US-Arbeitsmarktdaten Dezember 2020: Die Pandemie ist zurück, die Wirtschaft passt sich an - DWS Kolumne

DWS: „Positiv zu vermerken ist, dass die güterproduzierende Industrie weitere 93.000 Arbeitsplätze geschaffen hat. Diese Zahlen könnten in der Tat die Geschichte einer Volkswirtschaft erzählen, die beginnt sich an die Pandemie anzupassen.” Bild und Copyright: Uwe Aranas / shutterstock.com.

DWS: „Positiv zu vermerken ist, dass die güterproduzierende Industrie weitere 93.000 Arbeitsplätze geschaffen hat. Diese Zahlen könnten in der Tat die Geschichte einer Volkswirtschaft erzählen, die beginnt sich an die Pandemie anzupassen.” Bild und Copyright: Uwe Aranas / shutterstock.com.

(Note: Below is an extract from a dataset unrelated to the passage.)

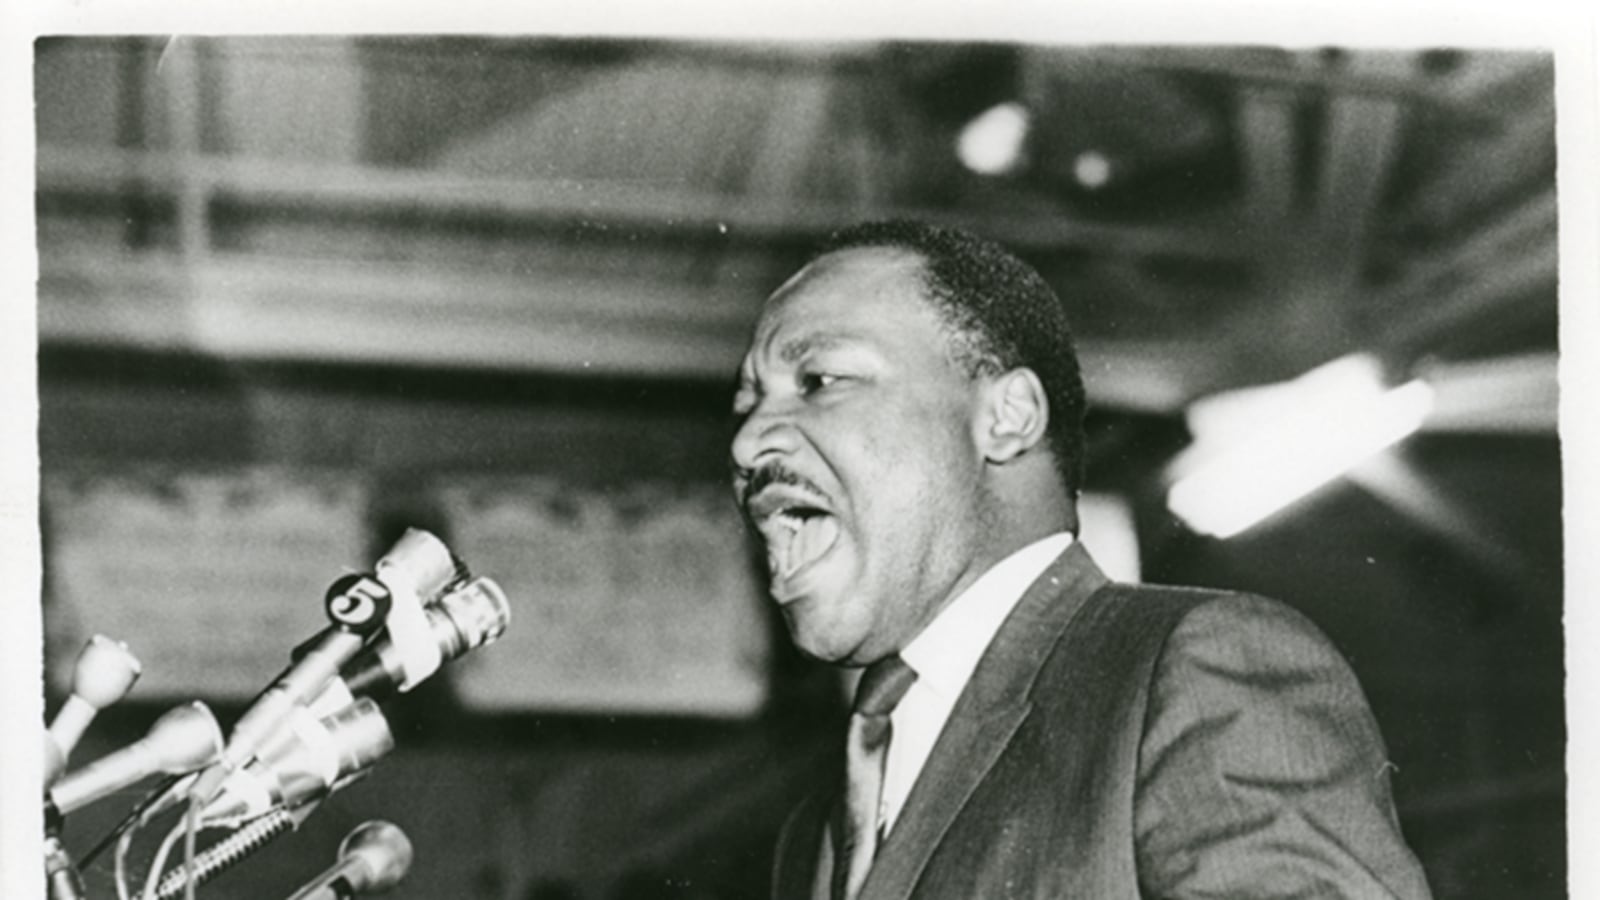 The Rev. Martin Luther King Jr. speaks to a mass rally in Memphis on April 3, 1968, one day before his assassination.

09.01.2021 15:05 Uhr - Autor: Kolumnist  Kolumnist auf Twitter auf Twitter 

Der Rückgang der Gesamtbeschäftigung außerhalb der Landwirtschaft um 140.000 Stellen zeigt unmissverständlich, dass die Pandemie wieder im Mittelpunkt des Geschehens steht. Die Zahl der Beschäftigten in der Privatwirtschaft sank um 95.000 - vor allem der Dienstleistungssektor wurde mit einem Rückgang um 188.000 Stellen erneut hart getroffen. Dies ist zwar nicht vergleichbar mit der Entwicklung Anfang 2020, erinnert uns jedoch deutlich daran, dass die Krise noch lange nicht vorbei ist.

Der Verlust an Arbeitsplätzen war allerdings ungleichmäßig verteilt. Das Freizeit- und Gastgewerbe war mit einem Verlust von 498.000 Stellen erneut das Epizentrum der Tragödie, während Unternehmensdienstleistungen (+161.000), Handel und Transport (+191.000) und überraschenderweise auch der Einzelhandel (+121.000) die Beschäftigung sogar ausbauen konnten. Positiv zu vermerken ist, dass die güterproduzierende Industrie weitere 93.000 Arbeitsplätze geschaffen hat. Diese Zahlen könnten in der Tat die Geschichte einer Volkswirtschaft erzählen, die beginnt sich an die Pandemie anzupassen. Diese optimistische Einschätzung findet eine gewisse Unterstützung, betrachtet man die umfragebasierten Arbeitsmarktdaten. Die Gesamtbeschäftigung blieb mit rund 149 Millionen Personen recht stabil und auch die Arbeitslosigkeit veränderte sich kaum: die Arbeitslosenquote verweilt bei 6,7%. Die Kehrseite der Medaille ist, dass viele Menschen anscheinend weiterhin außerhalb der Arbeitsbevölkerung verbleiben – sei es, weil sie entmutigt sind oder einfach keine Möglichkeit haben, nach einem Arbeitsplatz zu suchen. Die Partizipationsrate blieb dementsprechend auf einem niedrigen Niveau von 61,5%, verglichen mit etwas über 63% vor der Krise.

Unsere positive Einschätzung der jüngsten Arbeitsmarktdaten wird noch immer von der hohen Sensitivität der auf Dienstleistungen ausgerichteten Wirtschaft hinsichtlich eines exogenen Schock namens Covid-19 überschattet. Kurzfristigen bleiben die Aussichten für den US-Arbeitsmarkt alles andere als optimistisch. Wir erwarten, dass die Pandemie die Beschäftigung weiter dämpfen wird. Angesichts der möglichen Saisonalität der Pandemie, ganz zu schweigen von den Fortschritten bei den Impfungen, gibt es zumindest Licht am Ende des Tunnels – irgendwann in den Sommermonaten dieses Jahres. Bis dahin bleibt die Hoffnung auf weitere fiskalische Hilfe sicherlich groß, und auch die US Notenbank wird höchstwahrscheinlich alles tun, um die Erholung weiterhin zu unterstützen.